DESCRIPTION (provided by applicant): Traumatic brain injury (TBI) results in cognitive and motor deficits involving altered excitatory neurotransmission and plasticity, including a loss of long term potentiation (LTP). Abnormal excitatory synaptic function could result from changes in network circuitry, synapse number or morphology, and/or presynaptic or postsynaptic neuronal function. The overall objective of our research is to understand the mechanisms involved in TBI-induced alterations of excitatory transmission at the electrophysiological, biochemical and molecular level.
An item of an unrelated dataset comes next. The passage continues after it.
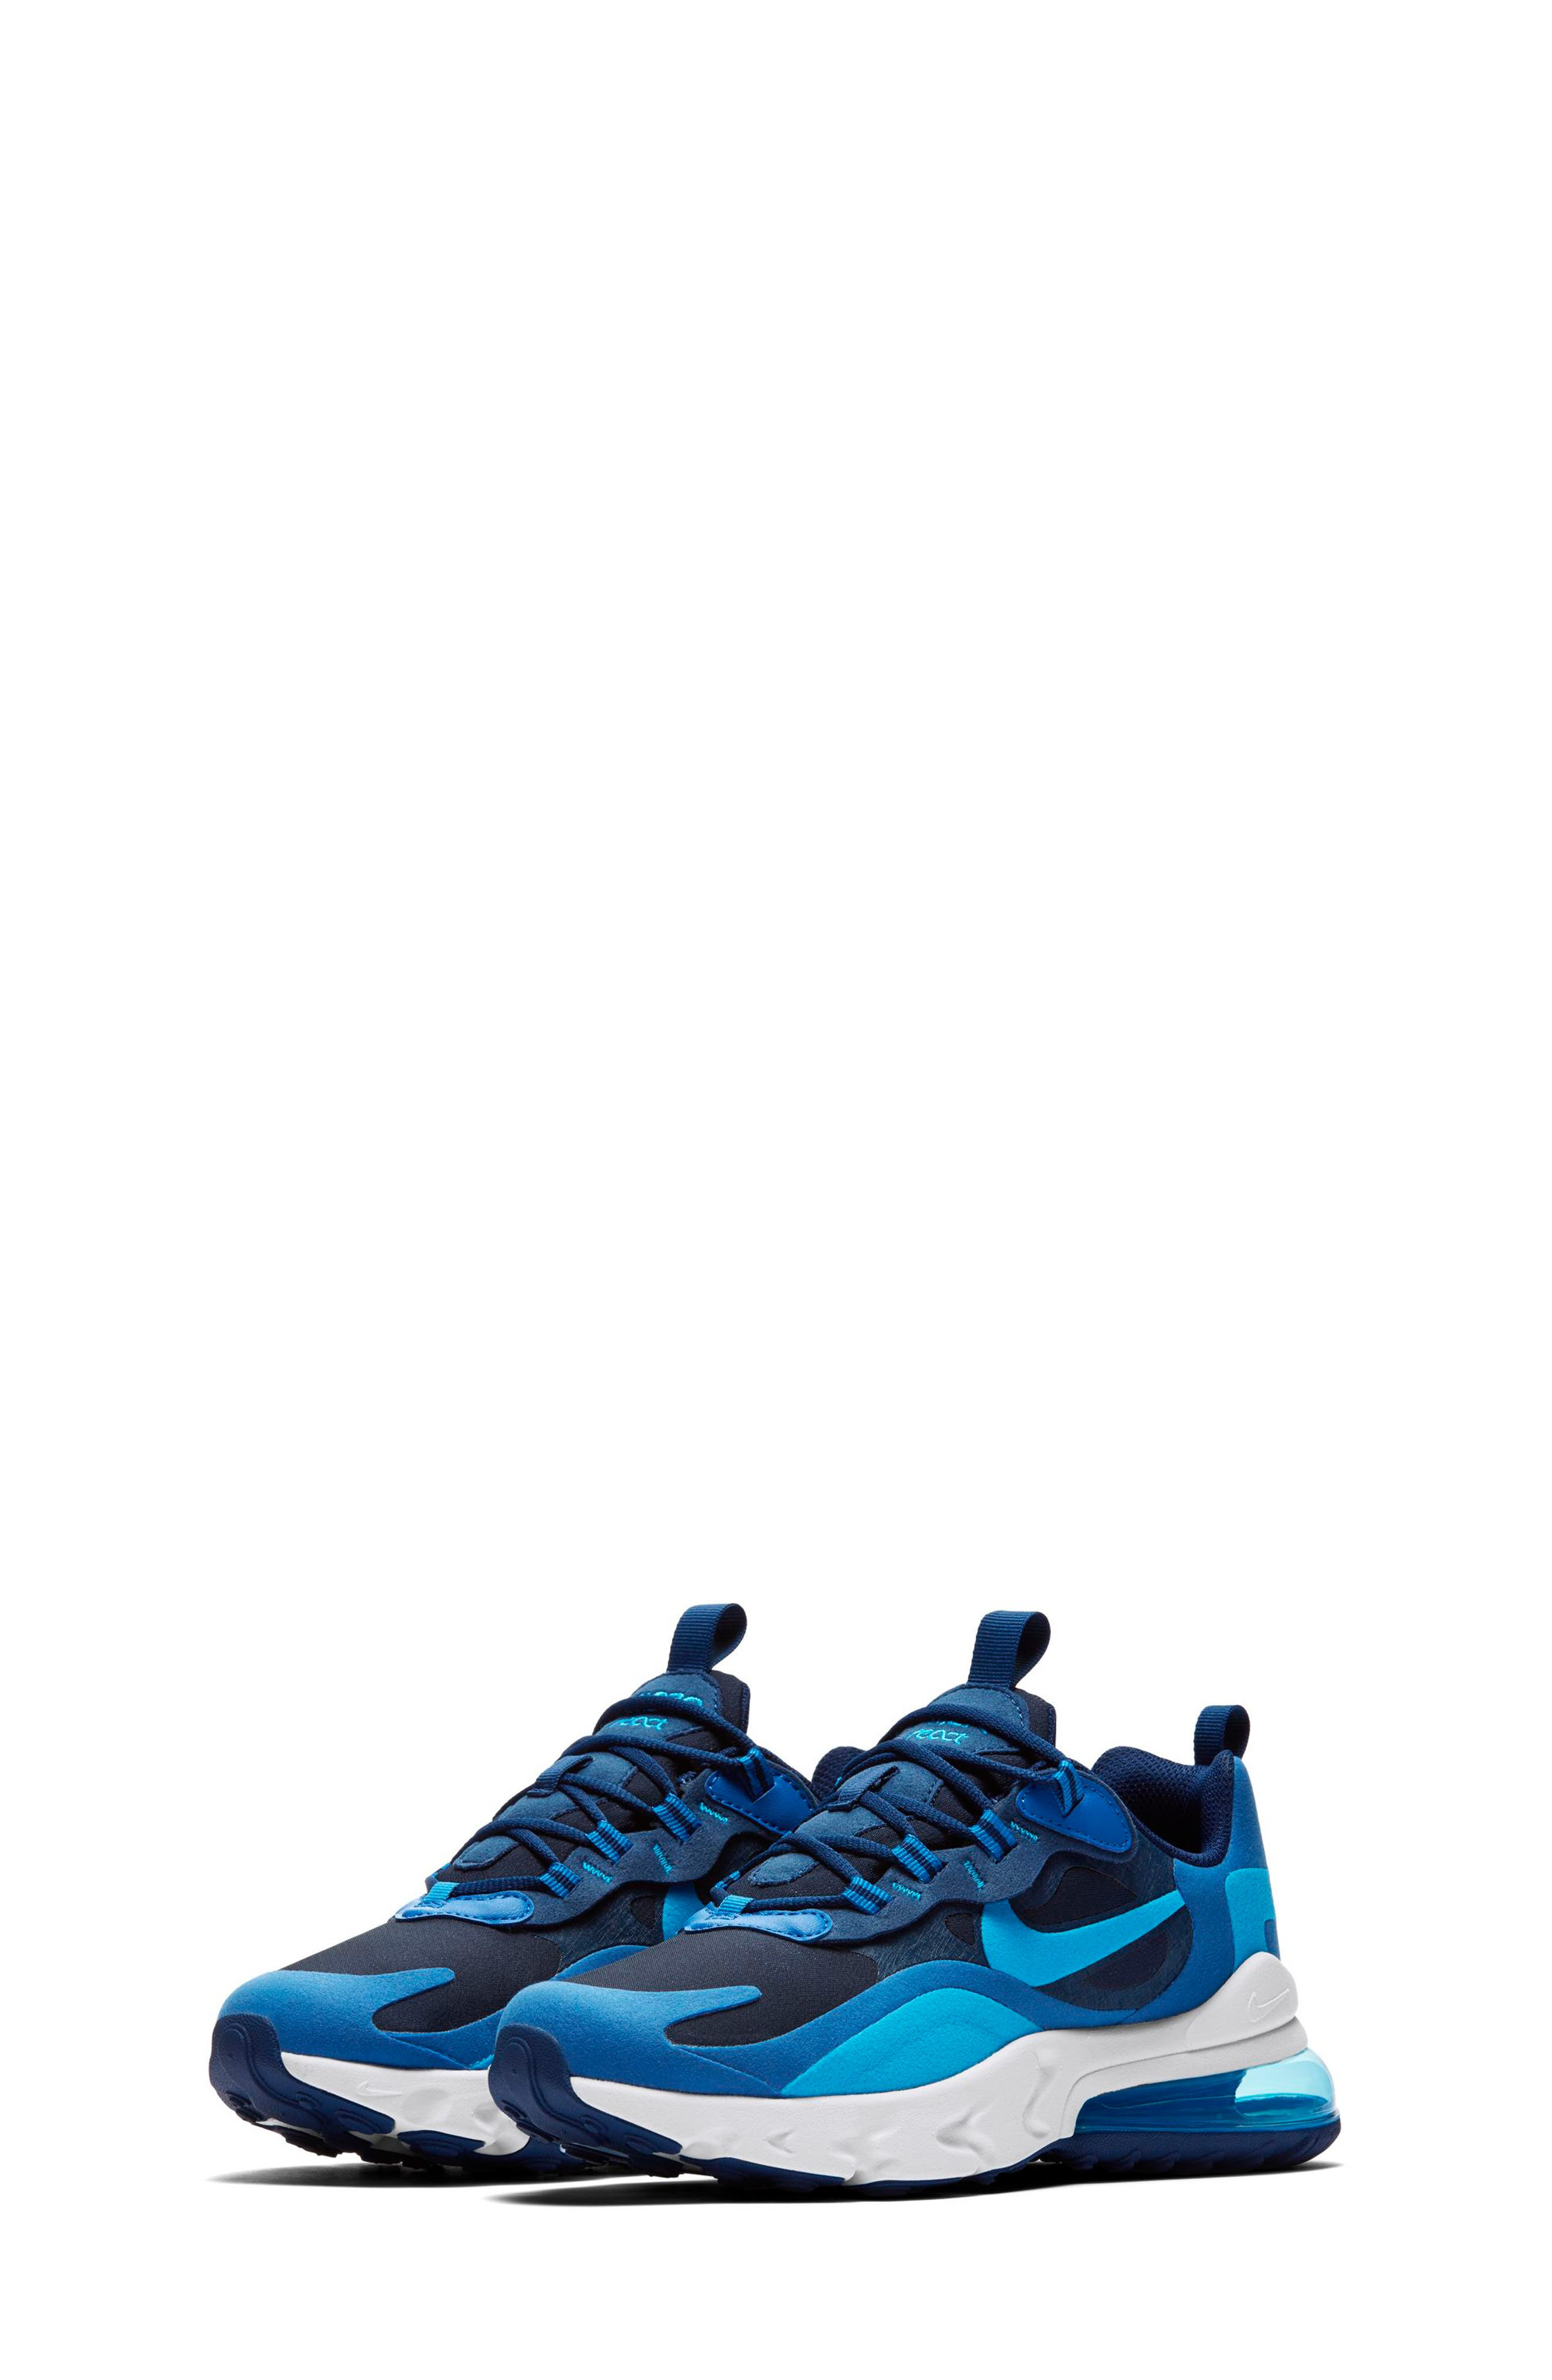 Big Girls' Blue Shoes (Sizes 3.5 7)   Nordstrom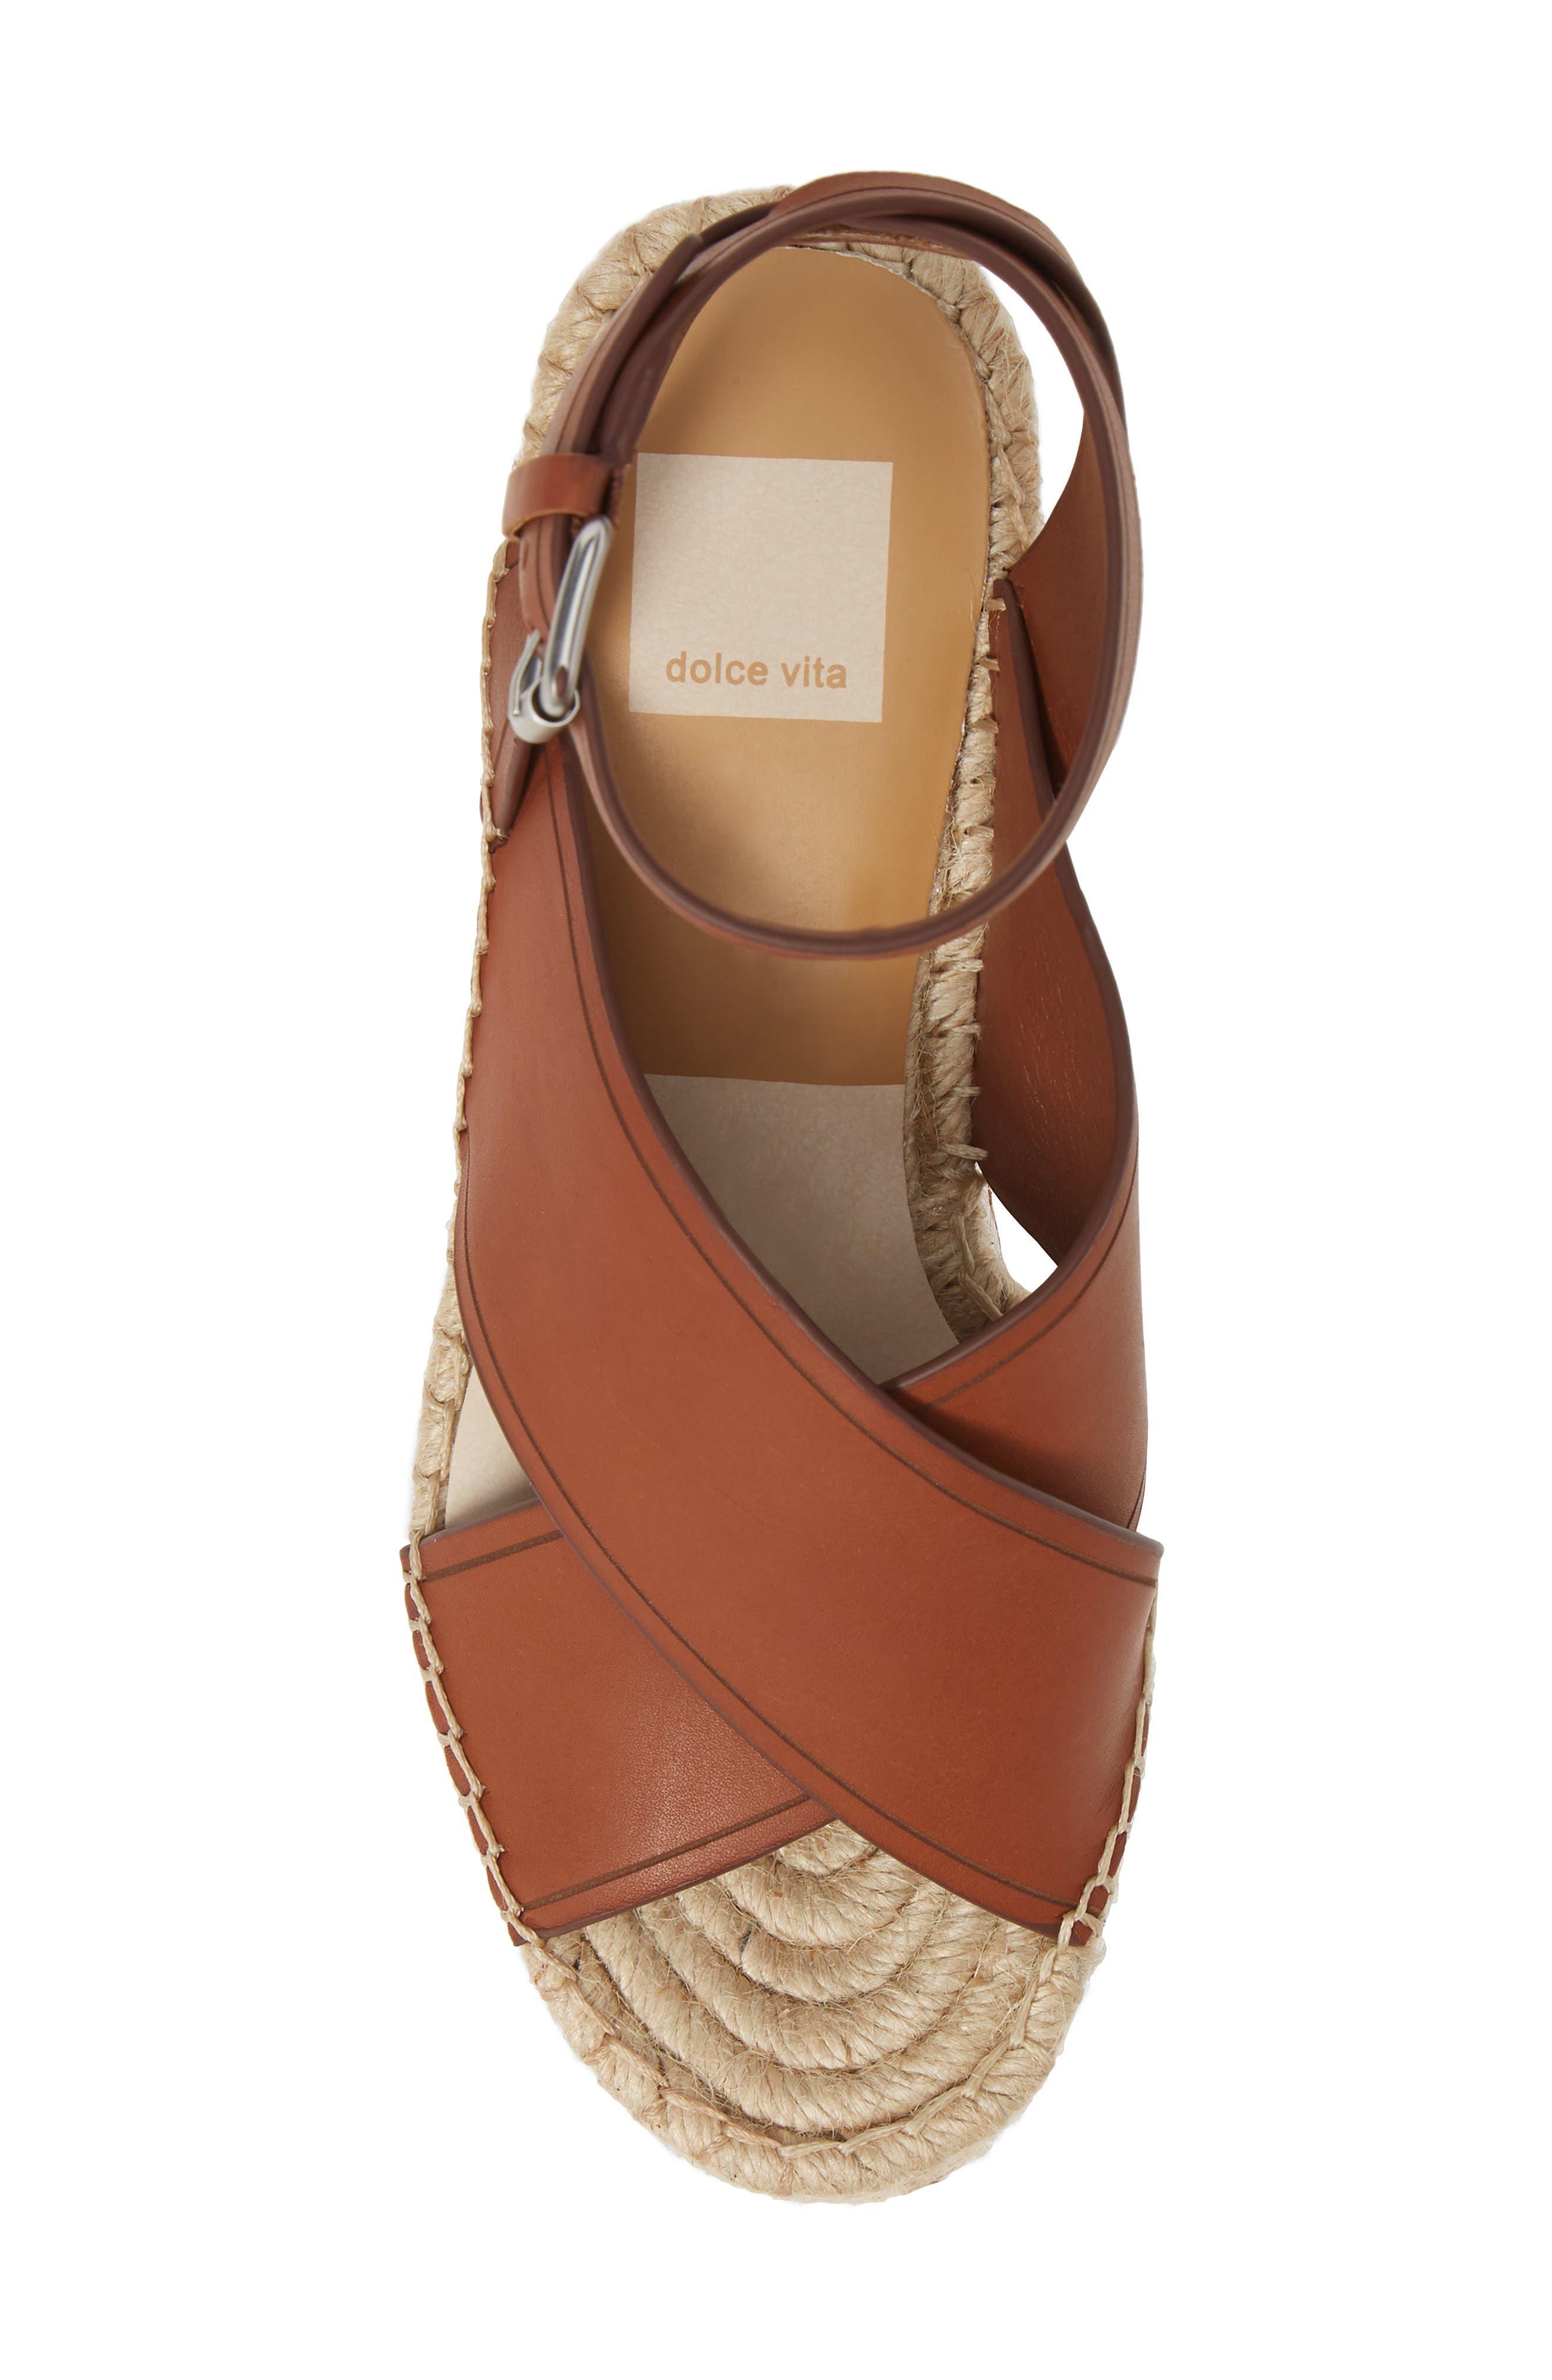 DOLCE VITA, Carsie Platform Sandal, Alternate thumbnail 5, color, BROWN LEATHER

Our hypothesis is that TBI-induced changes in the properties and/or regulation of postsynaptic glutamate receptors contribute to the alterations in synaptic function and information processing observed in surviving neurons after TBI. In vitro traumatic injury produces highly novel changes in neuronal glutamate receptors, which mediate excitatory synaptic transmission and plasticity. Patch clamp electrophysiology, confocal microscopy, immunocytochemistry, and Western blot analysis will be used to study cultured cortical and hippocampal pyramidal neurons sub lethally injured using the in vitro stretch model. We will determine whether injury-induced changes in excitatory postsynaptic currents are due to direct alterations in postsynaptic AMPA and NMDA receptors and identify the specific intracellular signaling systems involved, which we hypothesize may include calcium/calmodulin kinase II, and PKC. Furthermore, we will determine whether activation of these intracellular pathways following injury leads to abnormal glutamate receptor phosphorylation during basal synaptic transmission and under conditions that normally induce synaptic plasticity. Carrying out these Specific Aims will elucidate how mechanical injury alters excitatory synaptic transmission and synaptic regulation in both the cortex and hippocampus and determine if these alterations are mediated by changes in postsynaptic glutamate receptors, including abnormal receptor phosphorylation. An understanding of the molecular mechanisms responsible for abnormal synaptic transmission in specific brain regions following TBI may assist in the development of new TBI treatments and will help direct future research of cognitive and motor deficits following in vivo TBI.

描述（由申请人提供）：创伤性脑损伤（TBI）导致认知和运动缺陷，涉及兴奋性神经传递和可塑性的改变，包括长期增强（LTP）的丧失。异常的兴奋性突触功能可能是由网络回路、突触数量或形态、突触前或突触后神经元功能的改变引起的。我们研究的总体目标是在电生理、生化和分子水平上了解脑外伤引起的兴奋传递改变的机制。我们的假设是，脑外伤引起的突触后谷氨酸受体性质和/或调节的变化有助于脑外伤后存活神经元突触功能和信息处理的改变。在体外创伤性损伤中，介导兴奋性突触传递和可塑性的神经元谷氨酸受体发生了高度新颖的变化。采用膜片钳电生理、共聚焦显微镜、免疫细胞化学和Western blot分析方法研究体外拉伸模型培养的皮层和海马锥体神经元亚致死损伤。我们将确定损伤引起的兴奋性突触后电流的变化是否由于突触后AMPA和NMDA受体的直接改变，并确定涉及的特定细胞内信号系统，我们假设可能包括钙/钙调蛋白激酶II和PKC。此外，我们将确定损伤后这些细胞内通路的激活是否会在基础突触传递和正常诱导突触可塑性的条件下导致谷氨酸受体磷酸化异常。开展这些特异性目的将阐明机械损伤如何改变皮层和海马中的兴奋性突触传递和突触调节，并确定这些改变是否由突触后谷氨酸受体的变化介导，包括受体异常磷酸化。了解脑外伤后特定脑区突触传递异常的分子机制可能有助于开发新的脑外伤治疗方法，并有助于指导未来脑外伤后认知和运动缺陷的研究。